| What is required |
Within the entries below, please retype exactly the lines starting with the line that has "Read more about: Guðmundar Saga B Released" and going on through the line that has "1b6299f46d Nuova Borsa", but not the pictures.

| Data supplied |
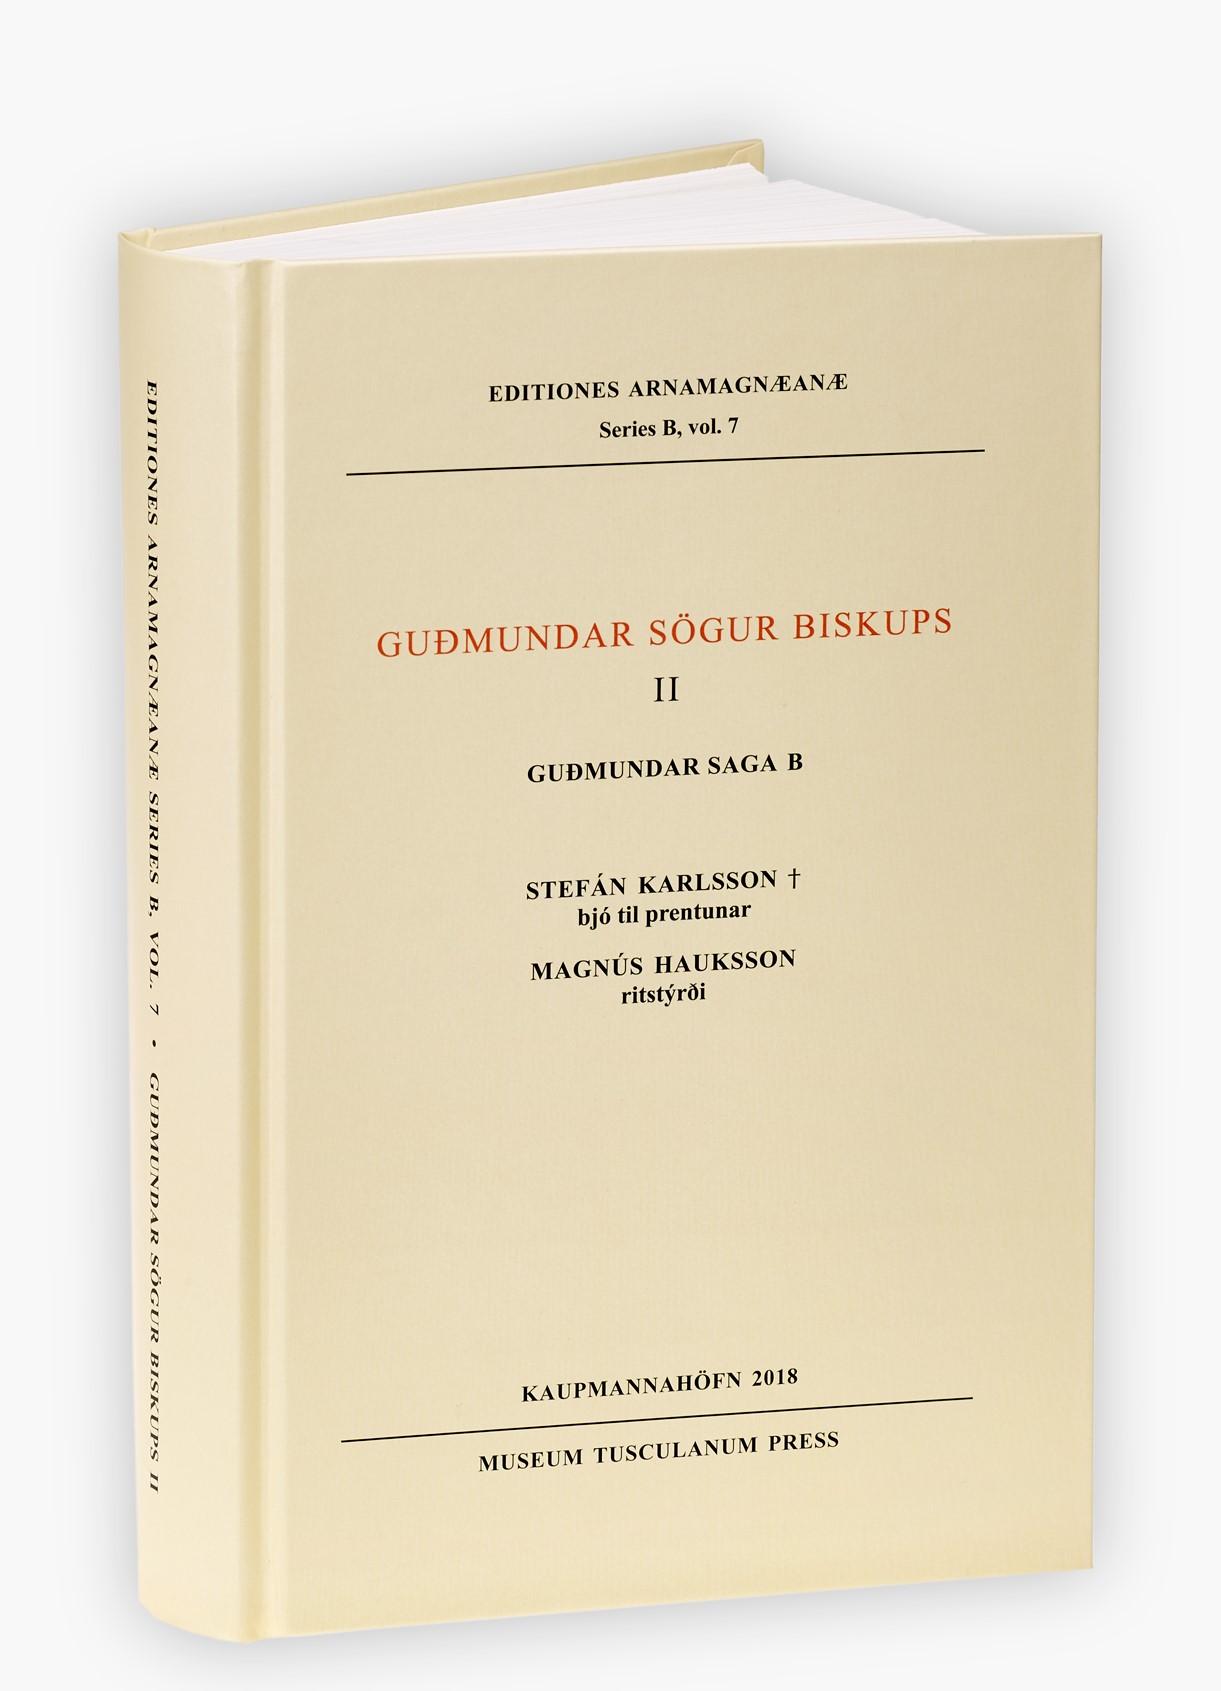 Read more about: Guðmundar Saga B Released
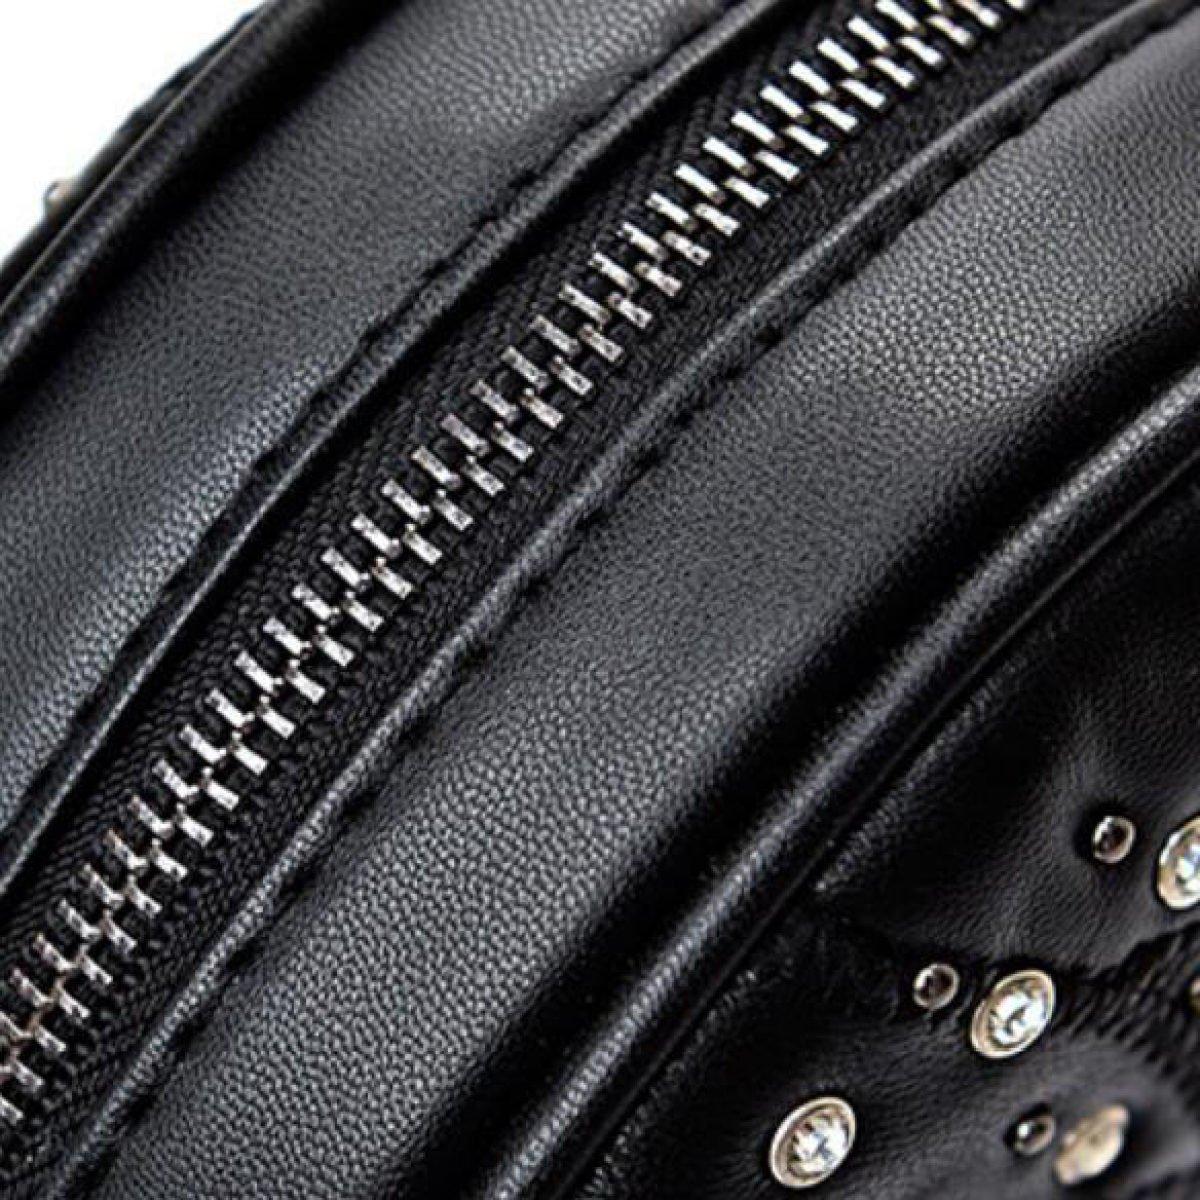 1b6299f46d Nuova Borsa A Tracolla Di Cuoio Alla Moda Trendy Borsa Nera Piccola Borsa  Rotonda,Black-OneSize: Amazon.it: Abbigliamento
--
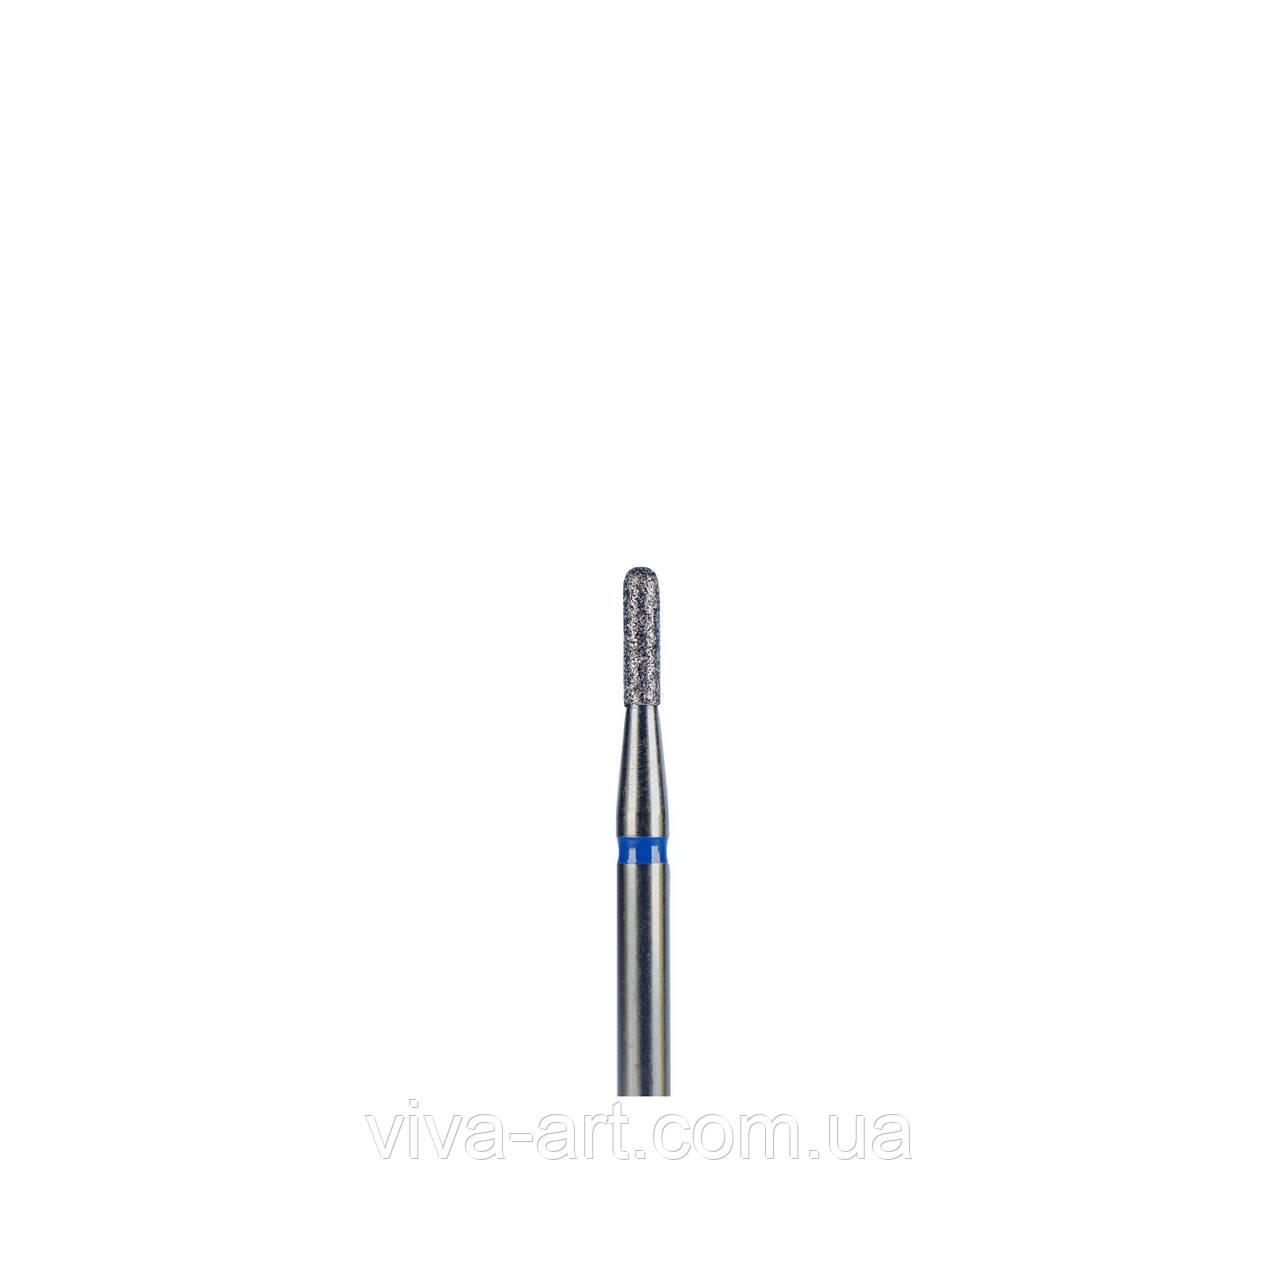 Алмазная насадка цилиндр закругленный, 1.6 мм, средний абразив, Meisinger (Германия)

| Task solution |
 Read more about: Guðmundar Saga B Released
 1b6299f46d Nuova Borsa A Tracolla Di Cuoio Alla Moda Trendy Borsa Nera Piccola Borsa  Rotonda,Black-OneSize: Amazon.it: Abbigliamento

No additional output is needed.